Shorter Loan Terms can lower your monthly payments!
Introduction
If you're looking to refinance your mortgage, you may want to consider shortening your loan term. This can help you save money in the long run and lower your monthly mortgage payments. In this article, we'll explore the benefits of shorter loan terms and how they can benefit you.
What is Mortgage Refinancing?
Mortgage refinancing is when a borrower replaces their existing mortgage with a new loan. This is done to either lower their interest rate, change their loan term, or to access the equity in their home. Refinancing can help homeowners save money on their monthly mortgage payments, or free up cash for other uses.
Types of Mortgage Refinancing
There are two main types of mortgage refinancing: rate-and-term and cash-out. Rate-and-term refinancing involves replacing your existing mortgage with a new one with different terms, such as a lower interest rate or a shorter loan term.
Cash-out refinancing, on the other hand, involves borrowing more than you owe on your existing mortgage and using the difference to pay off other debts, fund home renovations, or invest in other properties.
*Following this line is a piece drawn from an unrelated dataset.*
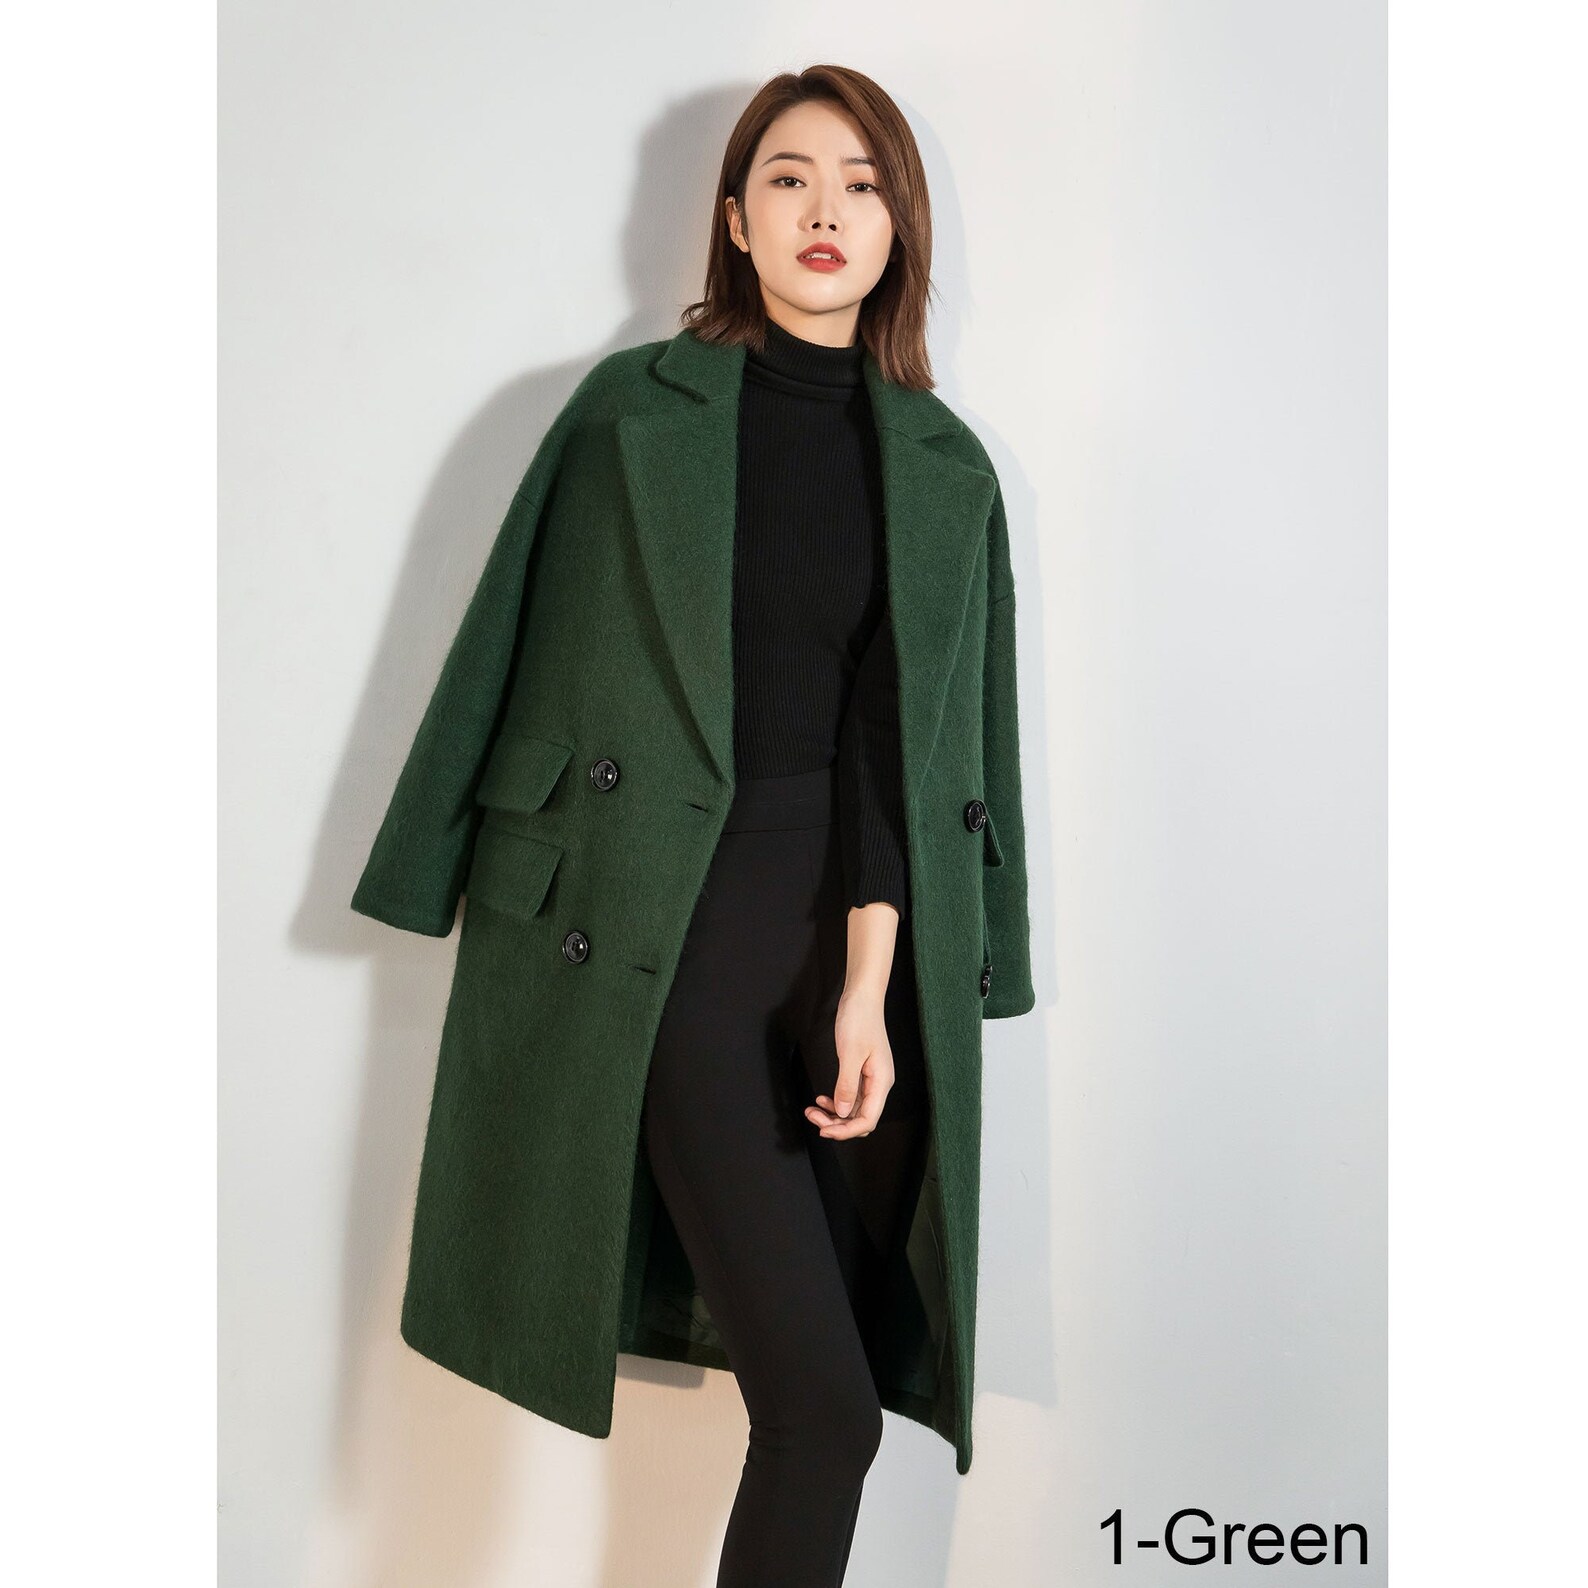 Green Long wool coat women Oversized wool coat warm winter | Etsy

This type of refinancing can be beneficial for those who need access to extra cash.
The Benefits of Shorter Loan Terms
One of the best ways to save money on your mortgage is to shorten your loan term. Most mortgages are 30-year fixed-rate loans, but you can also get a 20-year, 15-year, or even a 10-year mortgage. The shorter your loan term, the lower your interest rate and the quicker you can pay off your mortgage.
Lower Interest Rates
Shorter loan terms typically come with lower interest rates, as lenders view them as less risky. This can save you thousands of dollars in interest payments over the life of your loan. For example, if you have a $250,000 mortgage with a 30-year term and a 4% interest rate, you'll pay $179,674 in interest over the life of your loan. However, if you have the same loan with a 15-year term and a 3.25% interest rate, you'll only pay $66,102 in interest.
Build Equity Faster
Shorter loan terms also allow you to build equity in your home faster. Equity is the difference between the value of your home and the amount you owe on your mortgage. When you make mortgage payments, a portion of each payment goes towards paying down your principal balance, which increases your equity. With a shorter loan term, you'll pay down your principal balance quicker, which means you'll build equity in your home faster.
Lower Monthly Payments
While shorter loan terms can mean higher monthly payments, they can also lower your monthly payments in the long run. This is because you'll pay less interest over the life of your loan, which means your monthly payment will be less. For example, if you have a $250,000 mortgage with a 4% interest rate and a 30-year term, your monthly payment will be $1,193. If you have the same loan with a 15-year term and a 3.25% interest rate, your monthly payment will be $1,757. However, over the life of the loan, you'll pay $215,183 less in interest with the 15-year loan.
Conclusion
Shorter loan terms can be an excellent way to save money on your mortgage and lower your monthly payments. By choosing a shorter loan term, you can take advantage of lower interest rates, build equity faster, and pay less interest over the life of your loan. If you're thinking about refinancing, consider shortening your loan term to see how it can benefit you.